§ **TASK ITEM**:
When you copy the material below, keep every line exact and omit the pictures.

---- DATASET EXTRACT

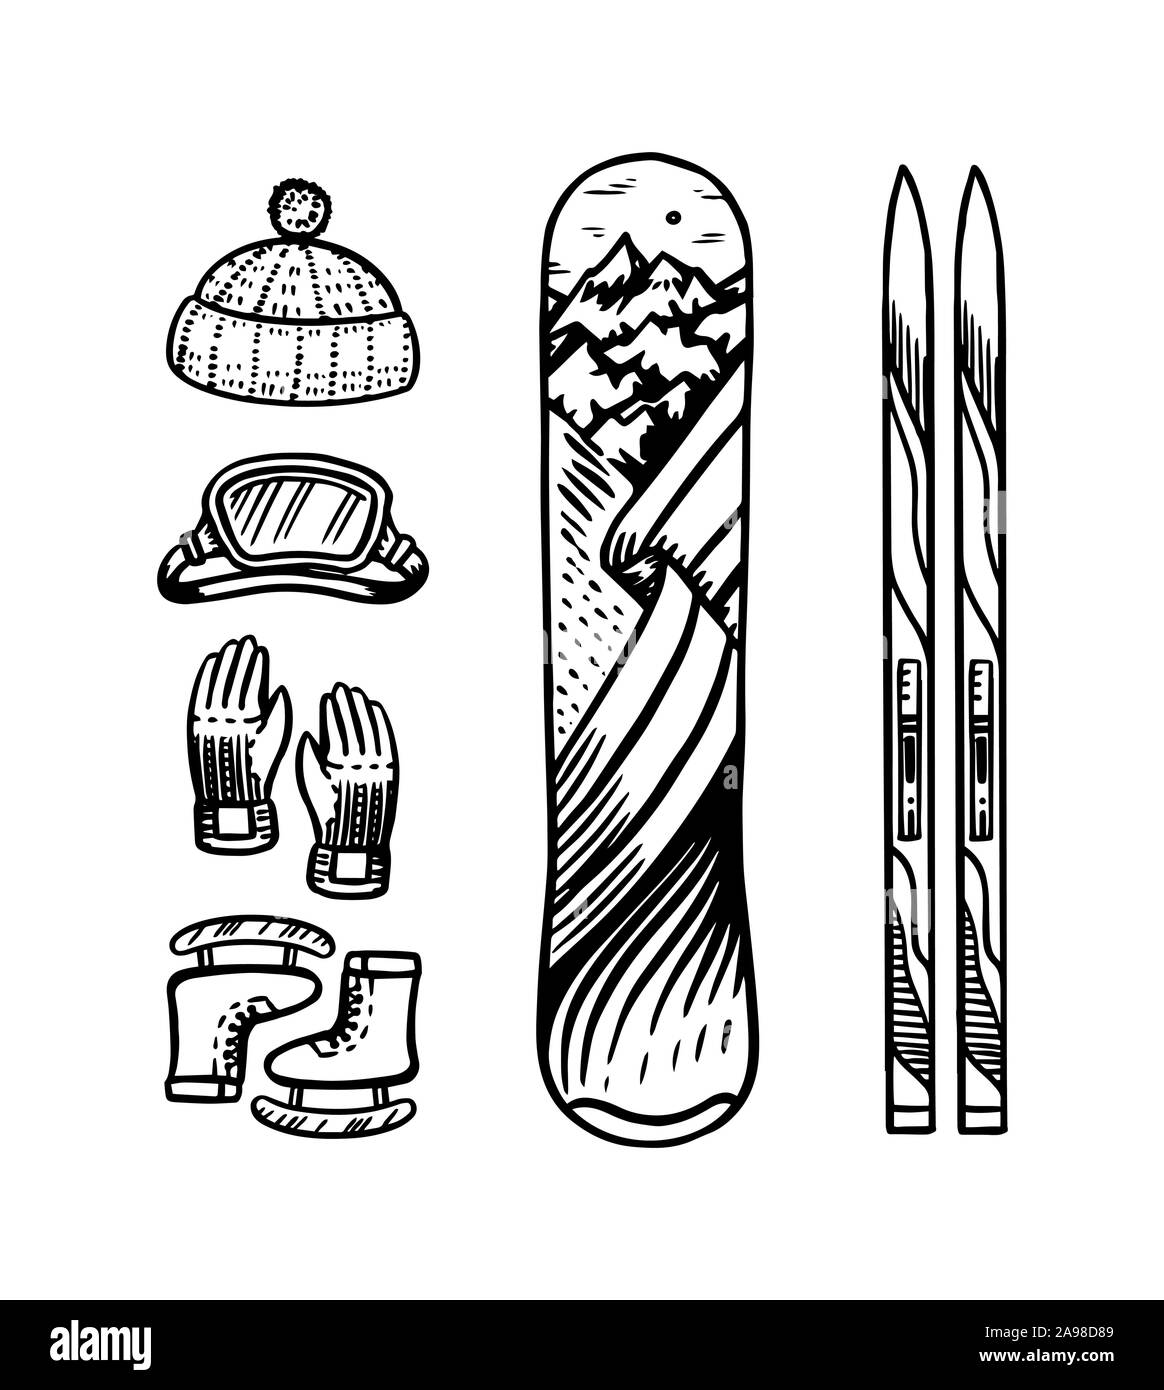 In stile vintage di snowboard e sci. In inverno abiti caldi. Elementi  attivi per gli sport di montagna. Incisi disegnati a mano retrò profilo  disegna per adesivi o Immagine e Vettoriale 
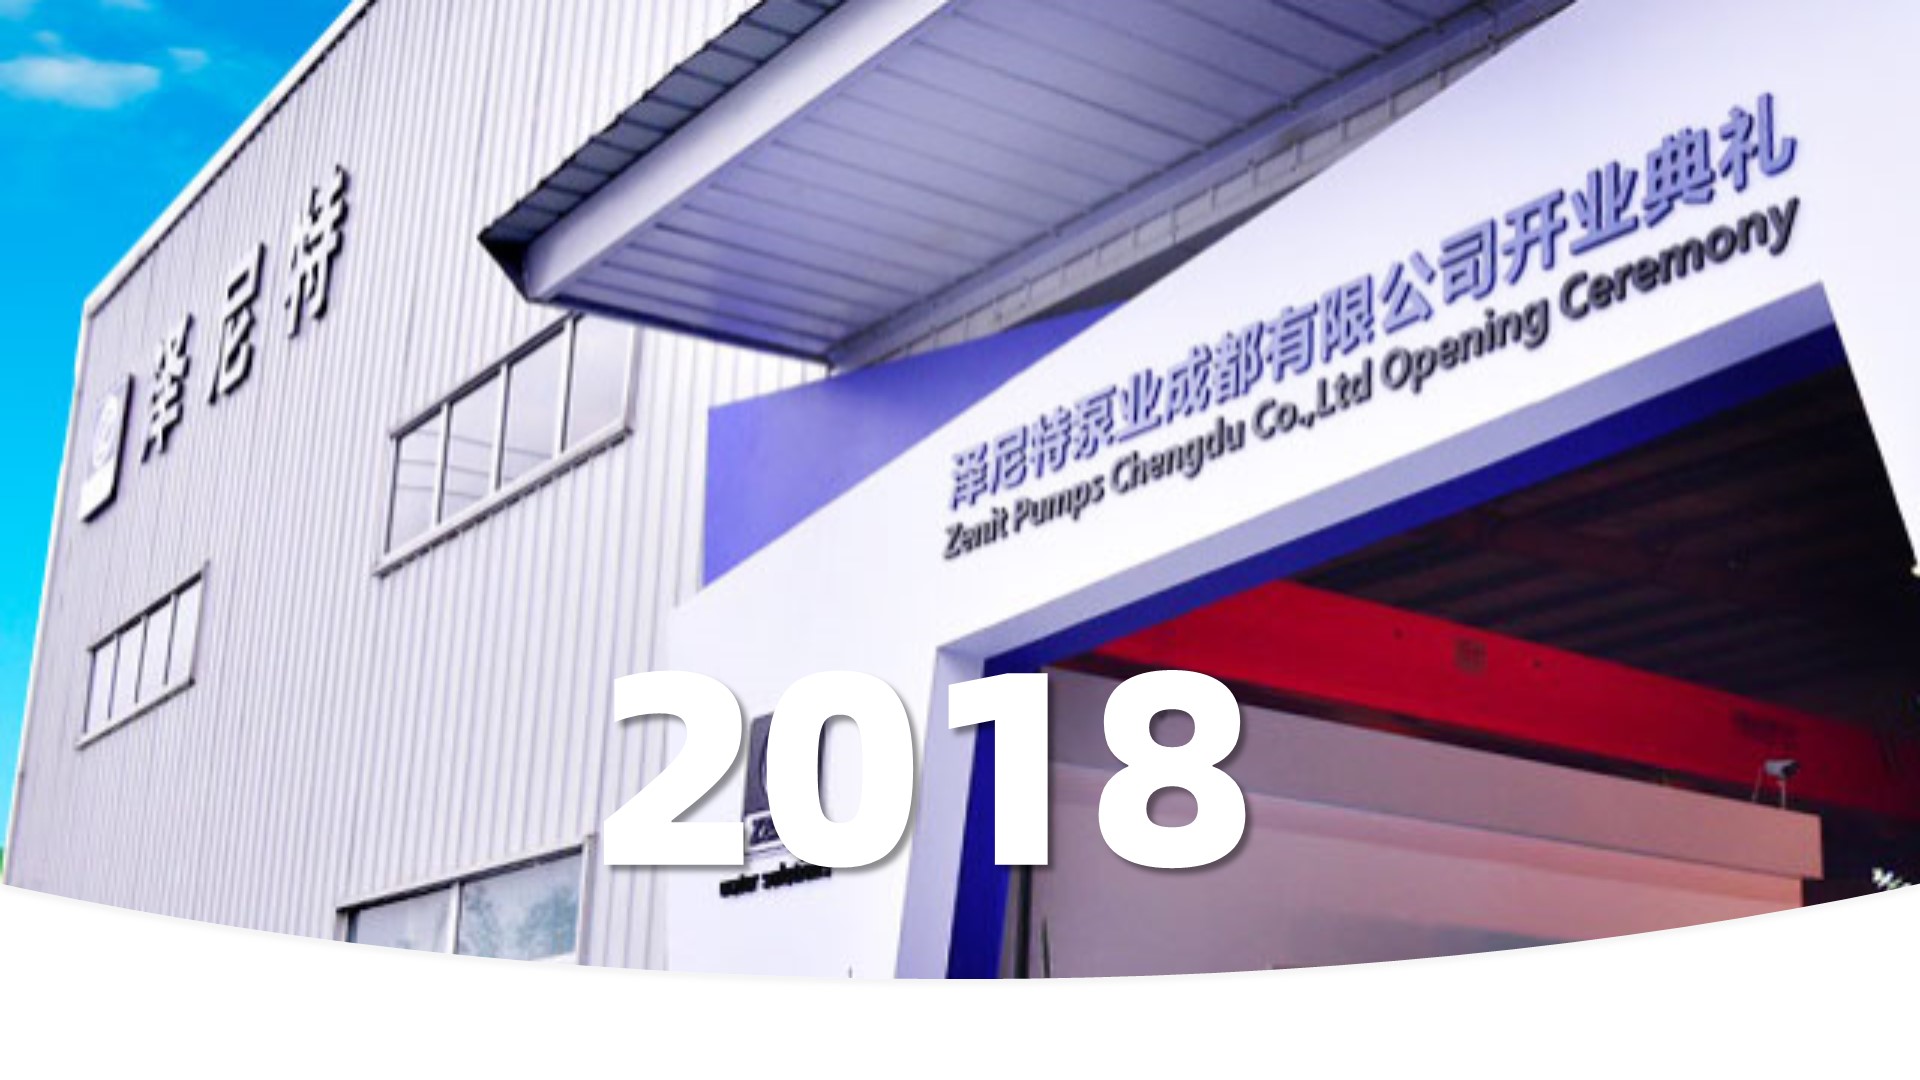 扎根中国11年后继苏州成立后的泽尼特中国第2个公司--泽尼特泵业成都有限公司正式成立。
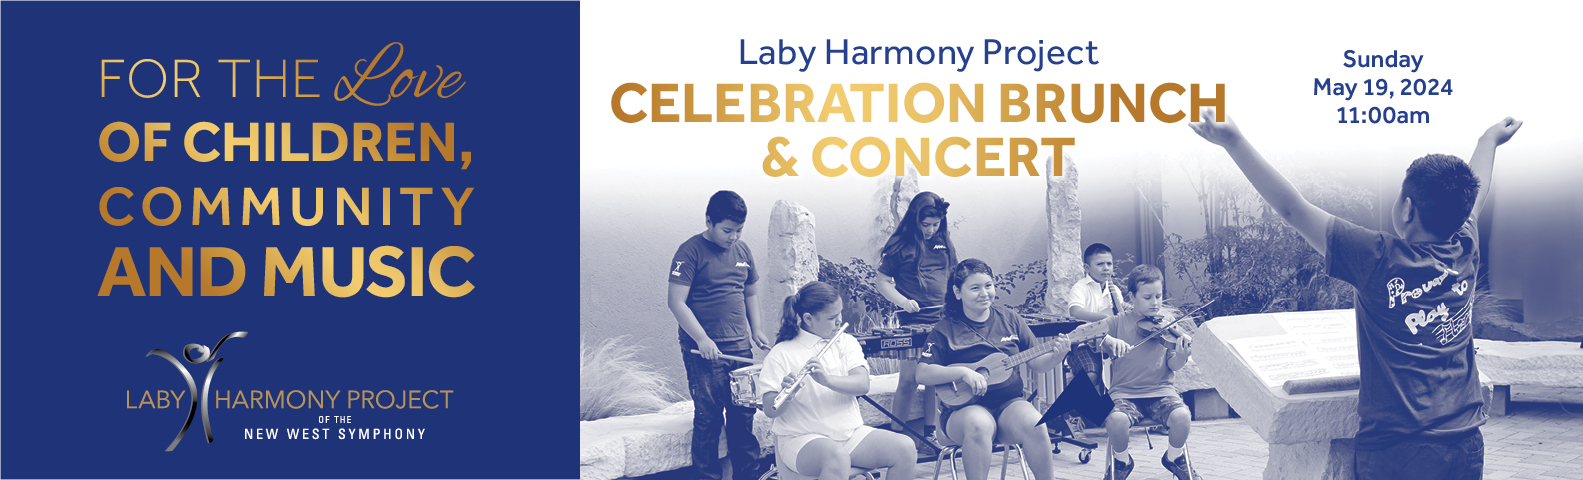 Laby Harmony Project Celebration Brunch & Concert
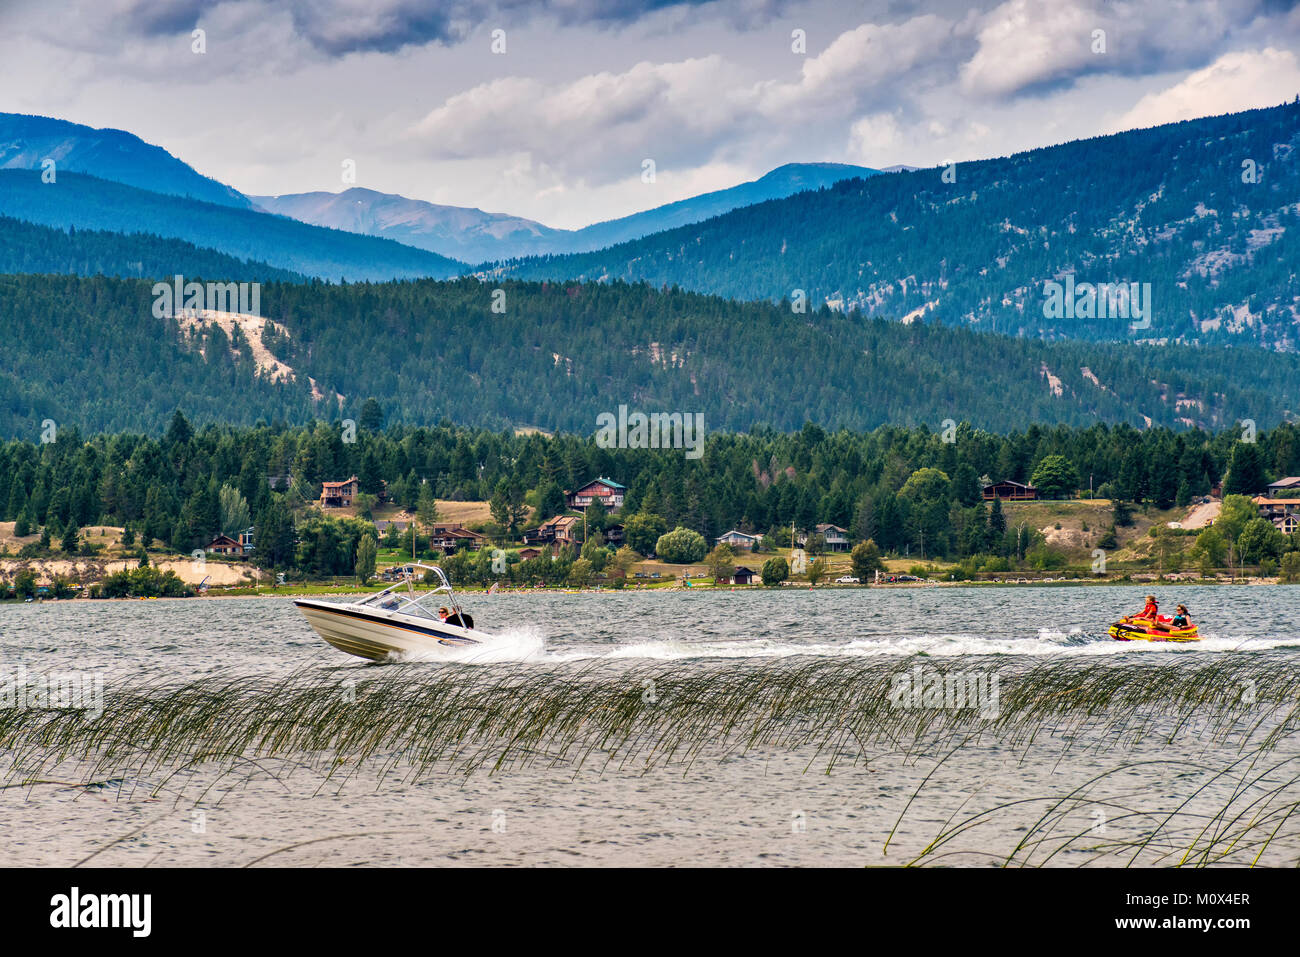 Lancha tirando de la mujer y la niña en el bote de goma, el lago Windermere, Columbia Valley, Purcell Mountains, cerca de Invermere, British Columbia, Canadá Foto de stock

--------

§ **YOUR RESPONSE**:
 In stile vintage di snowboard e sci. In inverno abiti caldi. Elementi  attivi per gli sport di montagna. Incisi disegnati a mano retrò profilo  disegna per adesivi o Immagine e Vettoriale 
 扎根中国11年后继苏州成立后的泽尼特中国第2个公司--泽尼特泵业成都有限公司正式成立。
 Laby Harmony Project Celebration Brunch & Concert
 Lancha tirando de la mujer y la niña en el bote de goma, el lago Windermere, Columbia Valley, Purcell Mountains, cerca de Invermere, British Columbia, Canadá Foto de stock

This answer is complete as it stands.